I dare you students to try that in your English classes today!

So, a lot of time as passed since high school and I’ve got a couple’a degrees and I’ve had to choose an area of specialty as time went on. My love for American History (and my near-History degree) led to a pretty easy decision of American Lit., especially Civil War era literature. Heck, my Master’s Thesis was even on Civil War lit. An extension of that finds that I enjoy reading Southern literature, among which Faulkner is considered one of the best.

So, as we prepared to make the move, I realized that even though I was well-read in American Civil War, I had not read Faulkner’s Civil War related stories.

I received The Unvanquished as a Christmas gift. I knew I needed to read it if I planned to attend school at Ole Miss and if I was going to promote myself as a Civil War Lit guy…but I wasn’t real anxious about it.

However, (you felt this coming, didn’t you?) I actually really liked it a lot!

One of the first things that really pulled me into it is that Faulkner isn’t that far removed from the War. He was born a little more than 30 years after the war, slightly longer than I am removed from WW2. He was able to grow up surrounded by Confederate Veterans, much in the way my life has been surrounded by Veterans of WW2.

The Unvanquished is a collection of short stories which trace the war time and post war experiences of the Satoris family, especially of the young son Bayard and his slave friend, Ringo. As I mentioned a while back regarding Twain and Huck Finn, this work is an incredible window into the past, and is incredibly telling about race relations. For instance, Bayard and Ringo (who is only a few months older than Bayard) share pretty much every experience, including being nursed by the same nursemaid.

The Unvanquished follows the Satoris family through the trials of the family during the war, and the hardships that follow during the military occupation that followed. As there are many “historians” today who suggest that “reconstruction” wasn’t that bad, and that Sherman didn’t burn that many houses (This is revisionist history, in case I wasn’t being tongue in cheek enough), and that it was mostly myth, Faulkner’s post-war North Mississippi area paints a picture as we know it to be true: a landscape dotted with piles of ashes where homes once stood, only chimneys remaining.

Yeah, Faulkner’s sentences are still pretty long in this work, but I found myself drawn in pretty easily and noticed less of them.

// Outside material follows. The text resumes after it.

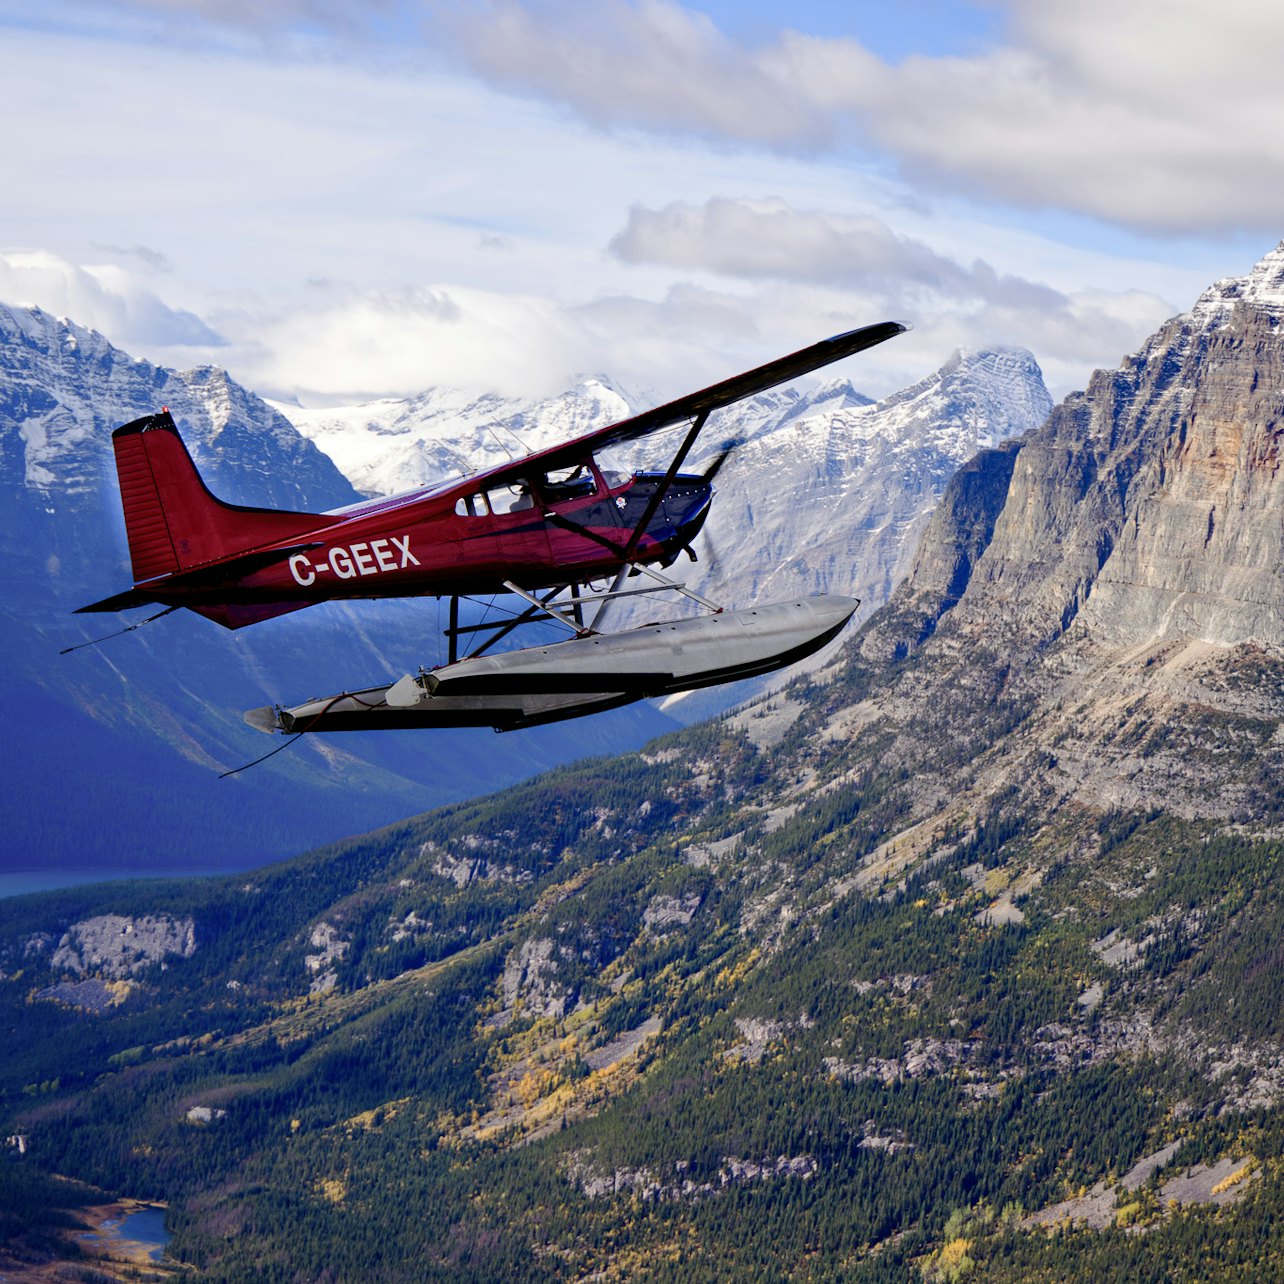 Viaje de experiencia inmersiva FlyOver Canada/Las Vegas - Alojamientos en Vancouver

I still had to back up a few times, but overall, this little known and little read Faulkner piece, is–in my opinion–among the best of his works.



Filed under Books/reading

2 responses to “Faulkner’s The Unvanquished

  1. ant'ny

    Hmm. Haven’t read The Unvanquished, although I am a fan of The Sound and the Fury (not bad for a Yankee, eh?). I’ll have to check it out.


  2. William Hill

    I am happy to find some one else who likes Faulkner, who understands the background of the war, who can write well on the subject; who sees ,unlike so many of our brothers, that being a Christian dose not exclude us from reading his work, even though there are those who say that his characters are devoid of morals; and who like me went back to his work latter for reasons other than being made to read the work as a classroom assignment, but learned to lobe the work for what it is and not what some teacher has said it should be , even though I don’t agree that his sentences are too long, in fact there are those who fancy themselves writers who tend to Faulkneresque sentences in order to make ourselves appear literary.